The ghost story, the horrific, the absurd have now grown up in the quantum age, where reality itself is always seemingly unreal. It is the supremacy of mind that marks our age because it is our infinite mind, or [burp] the potentially infinite fruits of our imagination which best suit this post-singular paradigm in which we presently find ourselves adrift.  That is, if you buy that we are indeed post-singular. That is also up for debate. But what do I know? Depending on what you’re used to, you may enjoy our ability to levitate at will, or you may find it terrifying. YOU MAY NOT EVEN BELIEVE THAT IT IS POSSIBLE!

After a century-plus of avant-garde arts – literature, painting, photography, music – we are finally experiencing en masse the becoming of the mandala-mind of imaginative, multiple malleable possibilities. Conception is existence. The center cannot hold, and if it did, we’d tear it apart anyway. Entropy represents one threshold opening manifold new orders of mind, bizarre new vistas of multiple realities spiral infinitesimally beyond boundaries or definition into our own private hall of mirrors within which we are each simultaneously trapped  and sprung from in perpetuity. Our Sheol for sharing. Our fruit vomiting womb made of sulci and gyri, adorned with jewels which, when crushed with the hammer of self-awareness, birth milky mauve rivers of maggots and Gods. We can share them with one another. It’s this act of sharing that is bending collective consciousness and bridges are floating away.

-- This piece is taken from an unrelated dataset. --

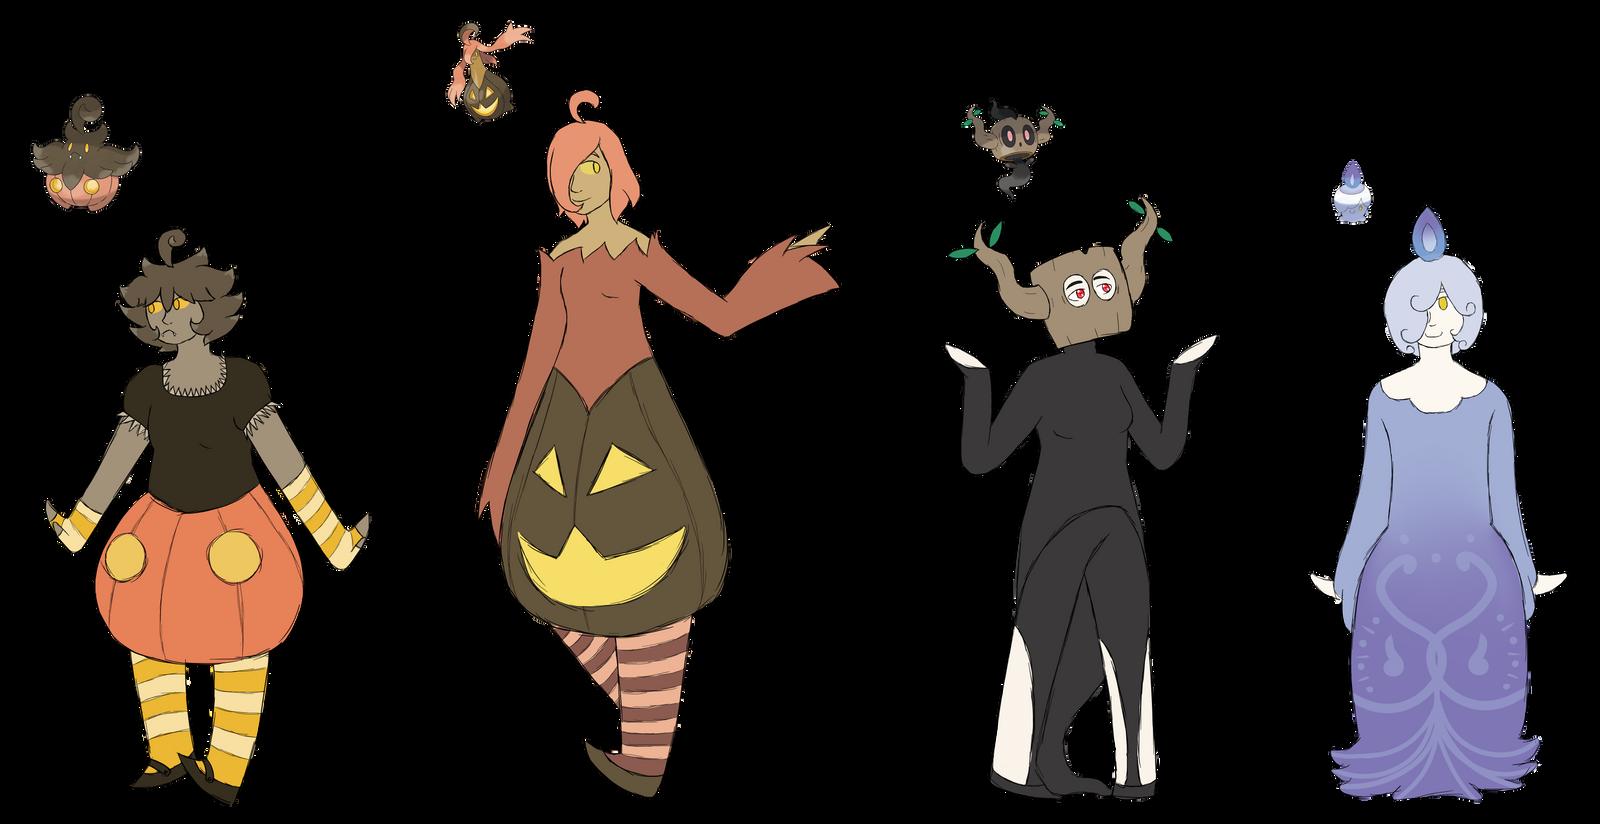 Some Ghost Type Gijinka Designs By Theflyingshark

But in the crass marketing culture of American politics, we discover absurdity’s diminished culmination in the shape of one overrated icon and an empty chair. The knee-jerk reaction was to brand it Theater Of The Absurd. But this was not Ionesco. This was not The Chairs. Though Eastwood might have echoed Wendy from Happy Days making the best of a bad situation as she was sucked into the ground with a few bare trinkets from her life, Clint’s stuttering, sad monologue was not Theater Of The Absurd. It was perhaps more prescient of Eliot’s whimper, staged by Mad Men and delivered in a stammering hair-throated hhwheeze.

Where there was venom.

This is horror laughing. Granting it the status of Theater Of The Absurd is far too complimentary.

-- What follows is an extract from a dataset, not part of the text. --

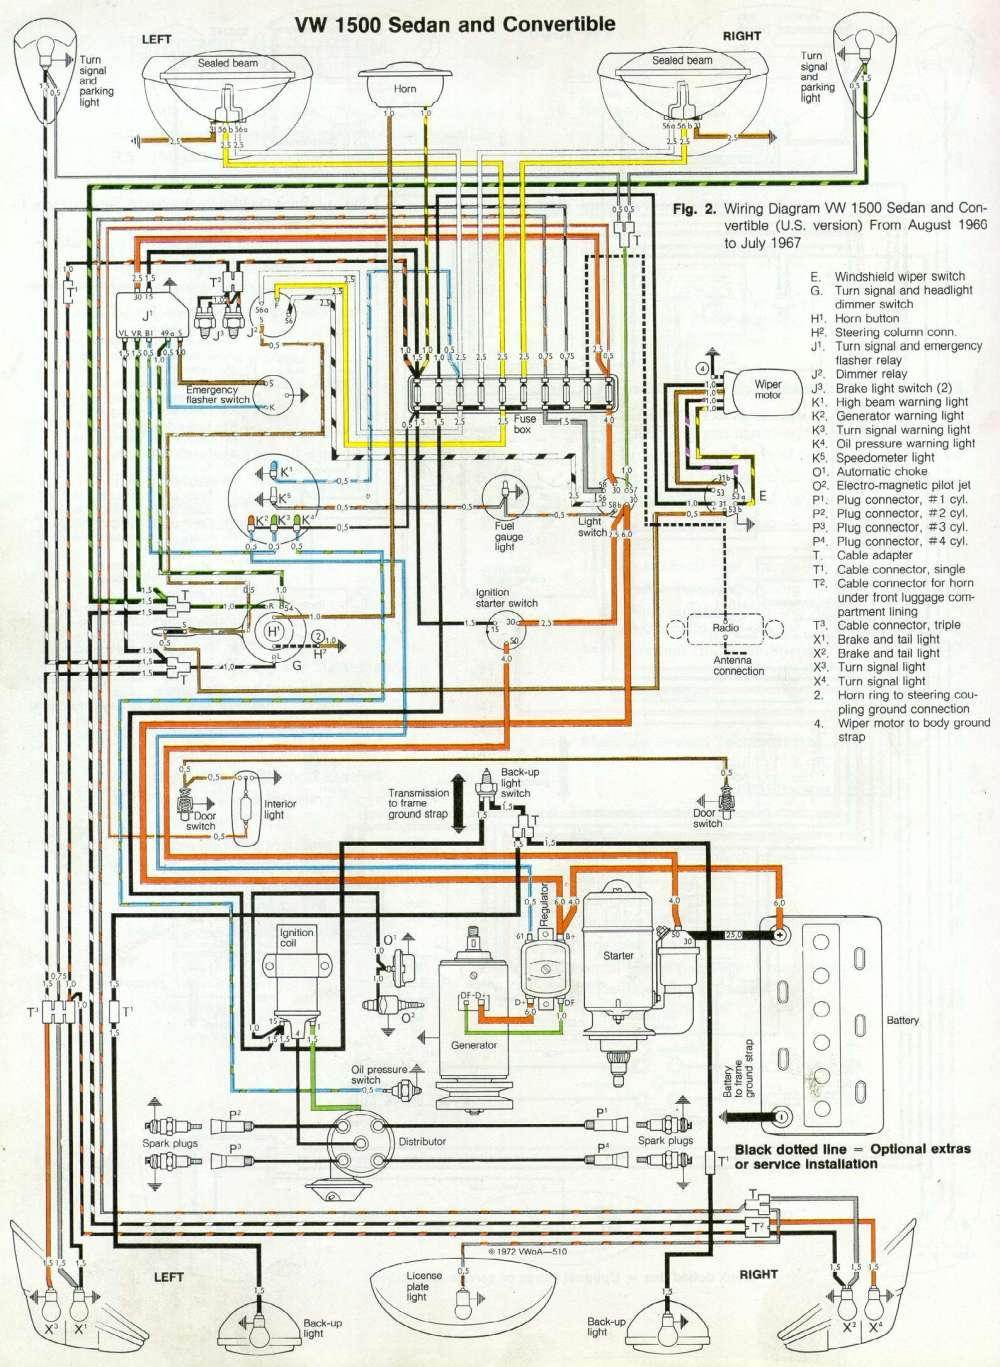 medium resolution of 1967 vw 1500 sedan convertible wiring diagram drawing a

Pivoting back to The Weird, in Jeff and Ann VanderMeer’s The Weird: A Compendium Of Strange And Dark Stories (TOR), Michael Moorcock summons the image of actor John Philip Kemble who, when playing Hamlet, dispensed with the conventional ghost, a white sheet, and addressed only an empty chair. Moorcock contends Kemble “played an infinite jest on playwright and audience which continues to open that scene…to a thousand interpretations.” He goes on to say, “Hamlet’s sanity is thoroughly questioned.” And so it was Eastwood who revealed our madness to our plastic marketing-minded consumptive masses, our labyrinthine paradigm of the impossible. And fuck them if they don’t like it.

See the text

I am talking to a chair.

You can’t help but think that Eastwood, haggard wannabe cowboy, who essentially played one character his entire life, when rambling through that mess, was unaware of his echo of Kemble’s Hamlet. How apropos. But was Eastwood aware of Kemble? He has said in an interview following that…performance…something to the effect of, ‘If you’re dumb enough to ask me to speak at a political convention, then don’t be surprised…It really is funny. Or is it sad? Or is Eastwood smirking like Loki, getting the last laugh?

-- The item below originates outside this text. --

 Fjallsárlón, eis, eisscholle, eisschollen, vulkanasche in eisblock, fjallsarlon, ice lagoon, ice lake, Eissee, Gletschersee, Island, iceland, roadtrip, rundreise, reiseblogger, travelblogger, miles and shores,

While the best-known writers of the Theater Of The Absurd were consciously working to reveal the apparent irrationality and uncertainty at the periphery of our knowledge and consciousness, Eastwood delivered a haphazard quasi-Vaudevillian carpet bombing of a staged spectacle. I applaud that he brought down that house (and a curse on it to be sure). But it was far from the streaming glossolalia (an almost Alzheimer’s-like Hell of memory spew) of Mouth in Beckett’s Not I. There is not a parallel here. Perhaps an accidental outlier, but not a manifestation of the Theater Of The Absurd. At least, not in any sense that waking up every day isn’t. That’s when the nightmares really begin. That’s when Eastwood unintentionally stuck the irreal up the ___ of the GOP. Bravo!